An interesting exercise -- allowing folks to type and use formatting cosmetics in a text box and then keep those HTML-based formatting instructions intact or converting them to PDF formatting.
And you're using the BI Platform and Stored Processes. No small task, there!
All I can recommend is that you work with Tech Support. When you work on the Platform and with stored processes, depending on your client application, some clients use SAS style templates, some use CSS, some use style definitions that are defined in the XML that's used by Tomcat. So before you go too far down this road, I would make sure that what you want to do can even be done in the context of a stored process and, if so, what client applications will support what you want to do with the conversion of this text box to other forms (email, PDF, etc).
As for including demo code.
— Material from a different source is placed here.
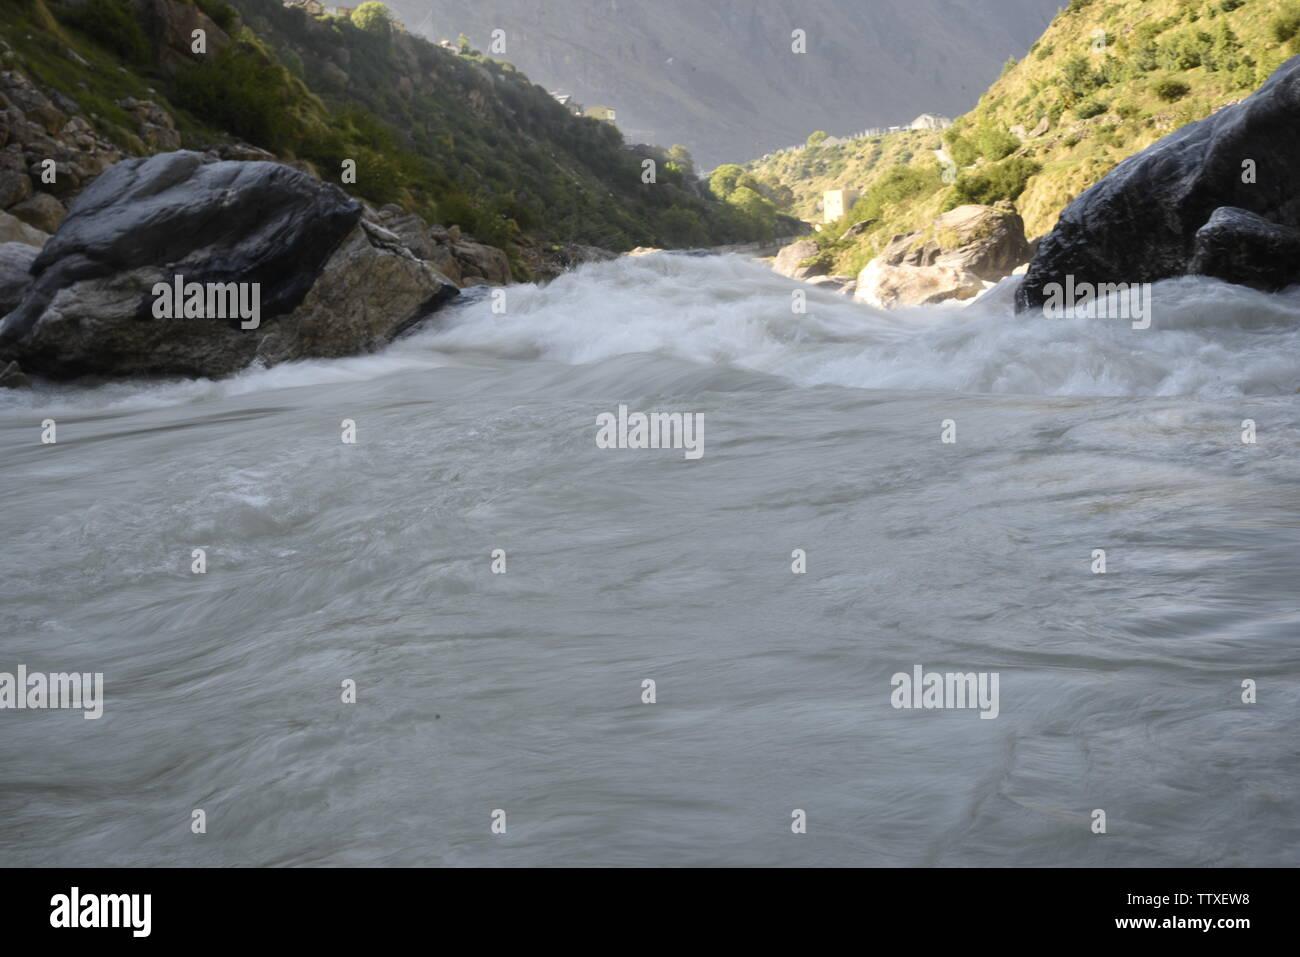 Río Sarasvati santo en la India la última aldea cerca de Maná , Badrniath Chamoli, Rudrapryag, India, Asia Foto de stock

Scott very kindly posted a link that explains how to post code -and- HTML -and- have the indention and "code" maintained. If you plan to post HTML, you should convert all the < tags to < and all the > tags to >, as explained HERE (forum link posted here for your convenience): http://support.sas.com/forums/thread.jspa?messageID=27609毙
However, I think that you really should work with Tech Support for some guidance on whether what you want to do is even do-able in the context of the BI Platform and stored processes, rather than post a hunk o'HTML here or send it to me directly. I'm about to go out of town to teach, so will not have much time to respond to emails.